8 Mart Kadın Emekçilerin Mücadele Günüdür
8 Mart Kadınların Uluslararası Birlik, Mücadele ve Dayanışma Günü, hak ve emek mücadelemizde önemli bir tarihtir. Üretimde, sosyal ve siyasi hayatta ismi olmayan kadın döneminden bugüne, yani kadının her alanda öncü ve eşit olduğu bir toplum gerekliliğinin kanıksandığı bir döneme geldik. Ancak kadının eşitsizliği, kadına ayrımcılık, kadının savunmasızlığı tüm dünyada ve ülkemizde devam ediyor. Kadın ve erkeği yasal olarak eşit yapmak, kadını özgür ve eşit kılmıyor. Gitmemiz gereken yol, vermemiz gereken mücadele vardır.
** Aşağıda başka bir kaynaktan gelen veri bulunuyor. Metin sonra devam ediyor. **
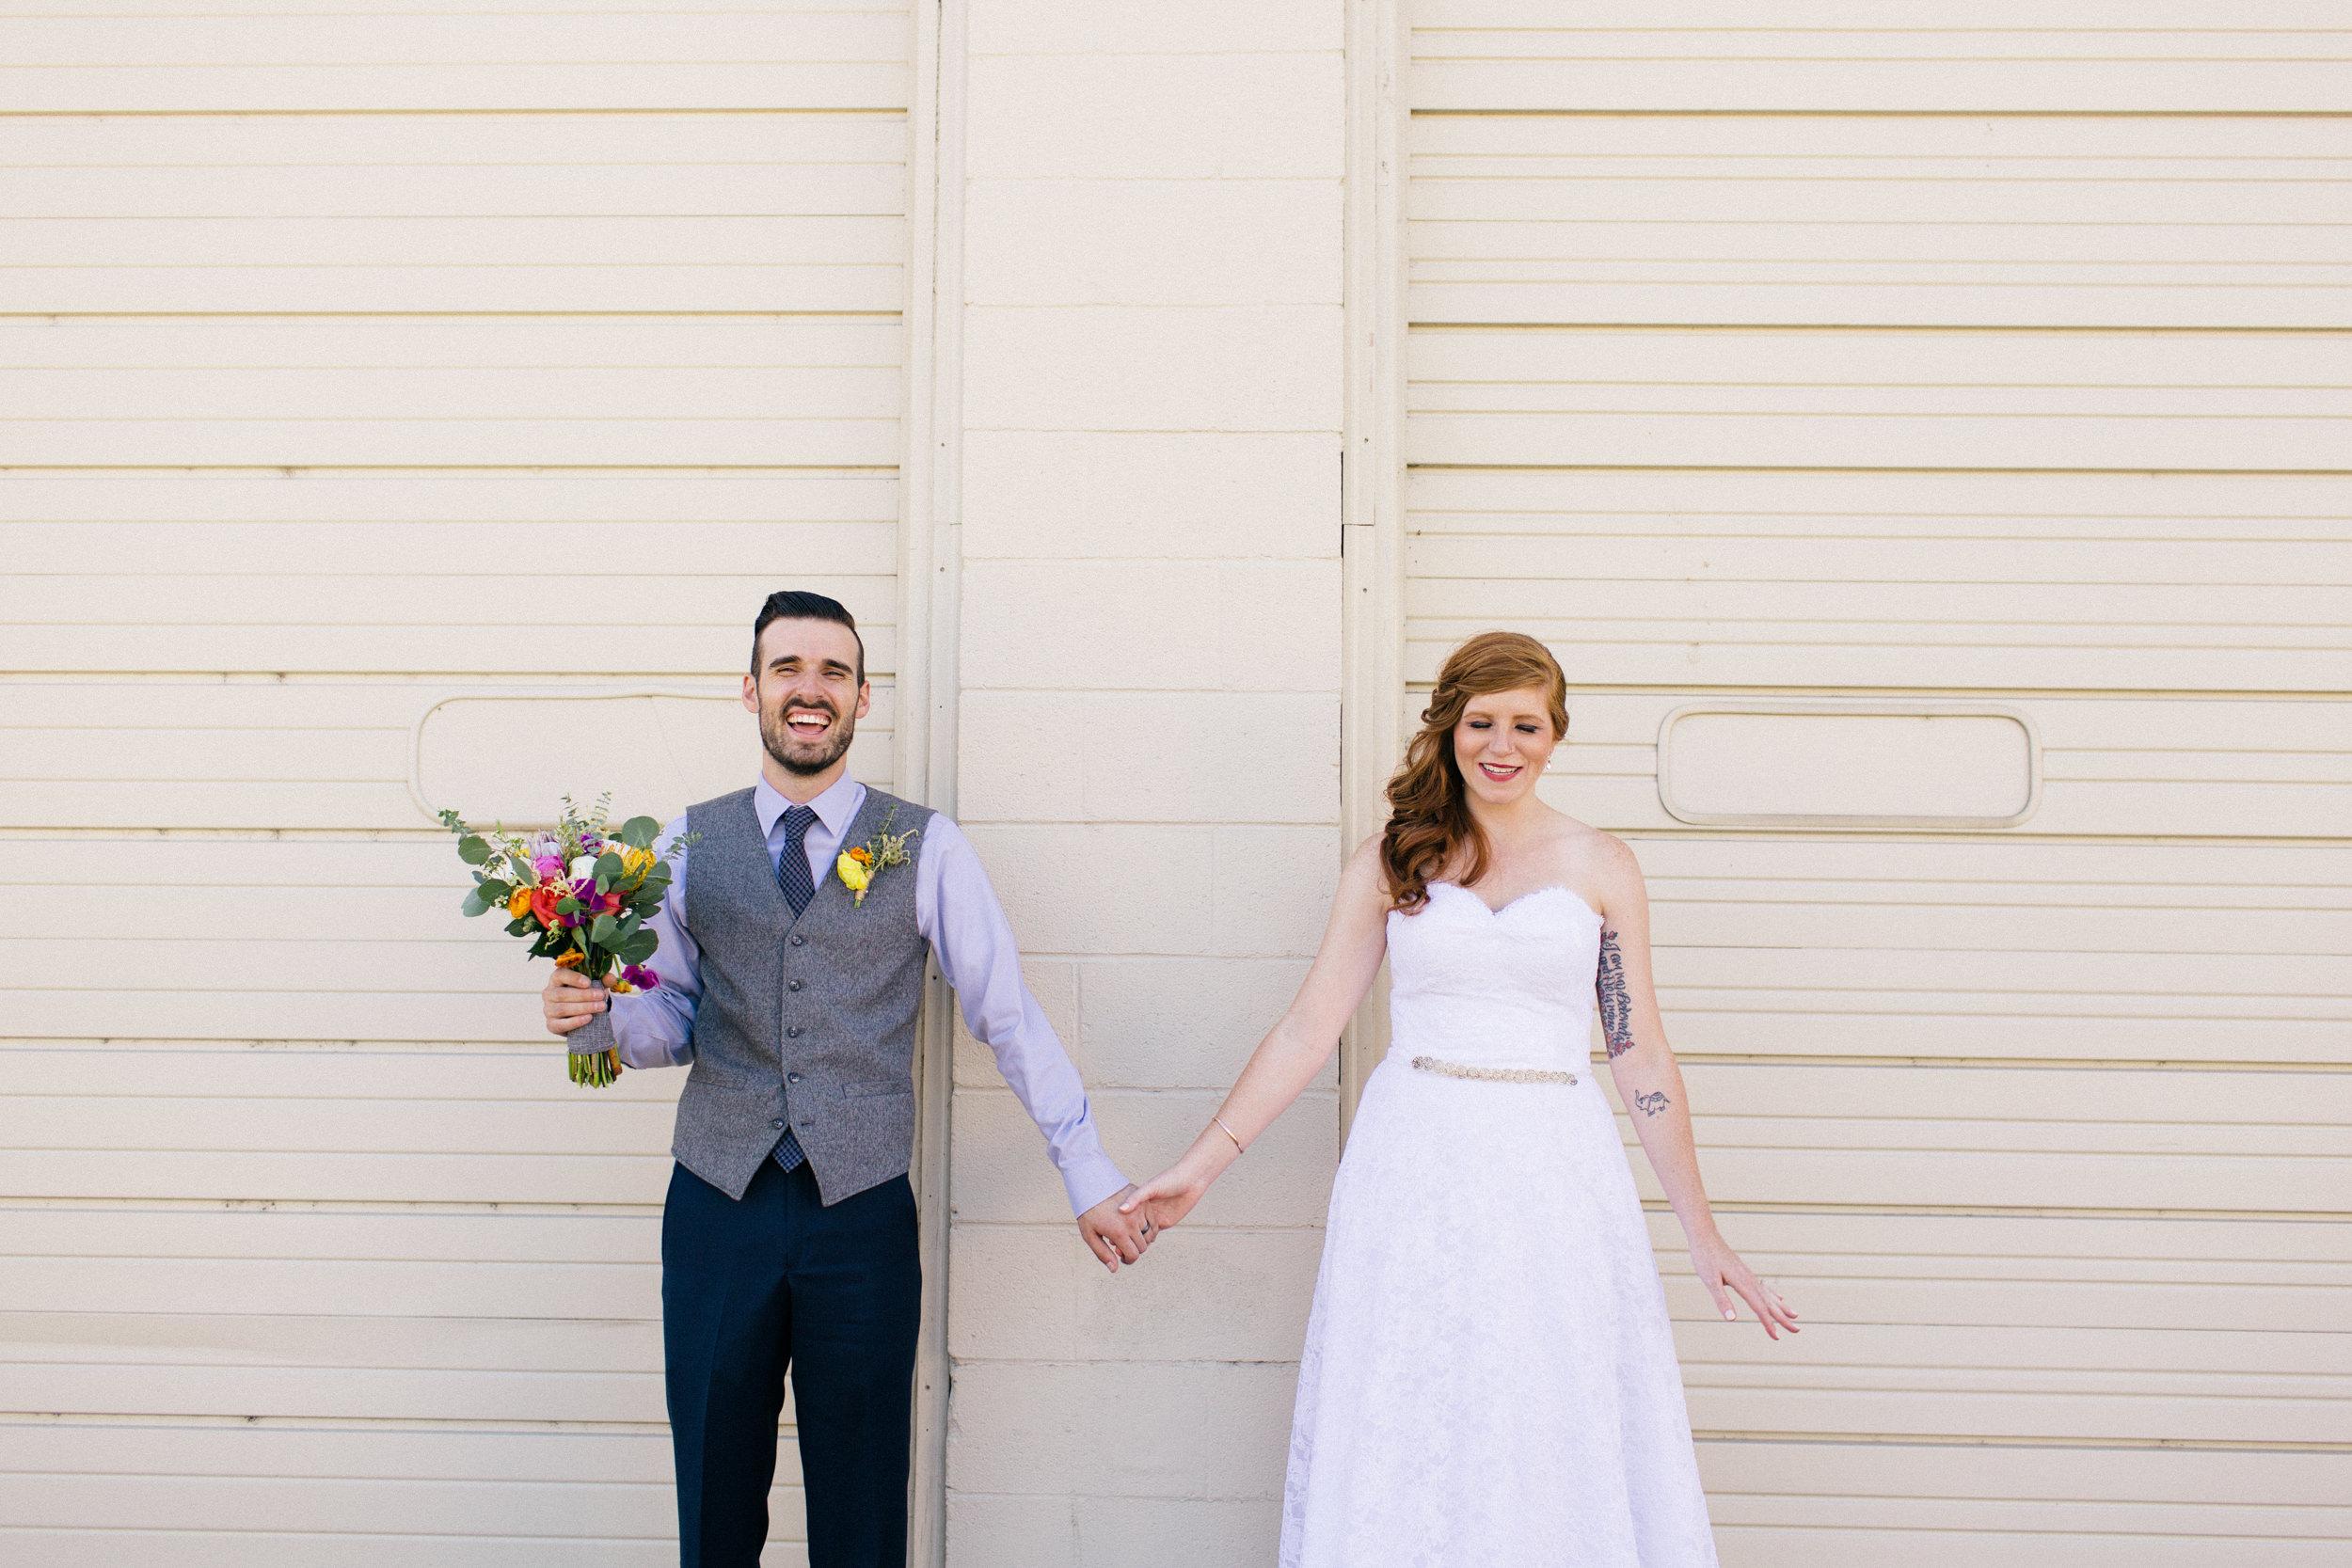 7-25-2015 Sarah and Jimmy's Eagle Ridge Downtown Galena Wedding-169.jpg

Kurulduğu ilk günden beridir kadın ve erkeklerin yan yana, eşit bireyler olarak mücadele ettikleri Sendikamız eşitlik ve adalet mücadelesini slogan ve bildirilerle değil hak kazanımlarıyla yükseltmektedir. 2019-2021 Tam Zamanlı ve Yarı Zamanlı Akademik Personelin çalışma şartlarını, özlük haklarını kapsayan Toplu İş Sözleşmesi (TİS), zümreler arası eşitsizlikleri gidermek, genel kazanımları yükseltmek ve devamını sağlamak yanında kadın meslektaşlarımızın maruz kaldığı en ağır yükün hafifletilmesini de amaçlamıştır. Yasalarca eşit görünen kadın, bekar veya birliktelikte doğum yapmak ve çocuk yetiştirmek istediğinde savunmasızlığın ve eşitsizliğin gerçeğiyle karşı karşıya kalmaktadır. Çalışma Yasası’nın parçası olan akademik personel için toplu sözleşme, ülkemizin tarihinde ilk kez bekar anne kavramını kullanan hukuk metni olmuştur. Sözleşme, bekar anneye ciddi bir destek öngörerek eşitsizliği giderme yolunda adım atmıştır. Bunun yanında doğum yapan annelerin hakları ilerletilmiş, yeni baba olan akademik personelin durumu da dikkate alınmıştır. Bu kazanımlar, yürümemiz gereken yolu çizmektedir. Önemi, bir başlangıç noktası olmaları açısından büyüktür.
Savaşların, kapitalizmin ağır yükünü kadınlar çeker. Peki pandeminin? Pandeminin en ağır yükü de kadınların omuzlarındadır. Eğitimci kadınlar ise küresel krizin ve pandeminin en ezilen emekçileri olmuşlardır. Bu dönemde sendikamızın üyelerine yaptığı yardımların önemli bir kısmı kadın meslektaşlarımıza ve öğrencilerimize yönlendirilmiştir. Bekar anneler, yardımsız kalan kadın öğrenciler ilk yardıma koştuklarımız oldu.
Pandemi döneminde ülkede en fazla yardımda bulunan kuruluşların başında gelen DAÜ-SEN’in üniversite içinde ve dışındaki üyelerimize ve öğrencilerimize, topluma, çevreye ve hayvanlara yönelik tüm duyarlılık projelerinde görev alanlar arasında kadın meslektaşlarımız ya öncü olmuşlardır ya da kadın yoldaşlarımız tümden bu projeleri kendileri yürütmüştür. Sendikamıza öğrencilerle, işçilerle, meslektaşlarımızla ilgili yardım taleplerinin neredeyse tümü kadın meslektaşlarımızdan gelmiştir. Pandeminin ilk aylarında, tüm dünyada ve ülkemizde korku ve panik hakimken üniversitemizin Yönetim Kurulu’nda kadın meslektaşlarımız öncü, yönlendirici olmuşlardır. Bu ise kadın ve erkeğin eşit, mücadelede omuz omuza olacağı tüm alanlarda başarının habercisidir. Sendikamızın kadın meslektaşlarımızın öncü rolüyle ilgili tecrübesini Eğitim Enternasyonali’nin tüm kıtalardaki örgütlerinin mensubu eğitim sendikaları da yaşamışlardır. Bolivya’dan İspanya’ya, Türkiye’den Angola’ya,
Meksika’dan Bangladeş’e kadar, eğitimde ve sağlıkta, hayatın tüm alanlarında en önde kadınlar yer almıştır.
Pandemi sonrası da kadınlar ve erkekler eğitimde başta olmak üzere yaraları birlikte kapatacaklardır.
Yaşasın kadın ve erkeklerin emek mücadelesi!
Yaşasın eşitlik ve adalet mücadelemiz!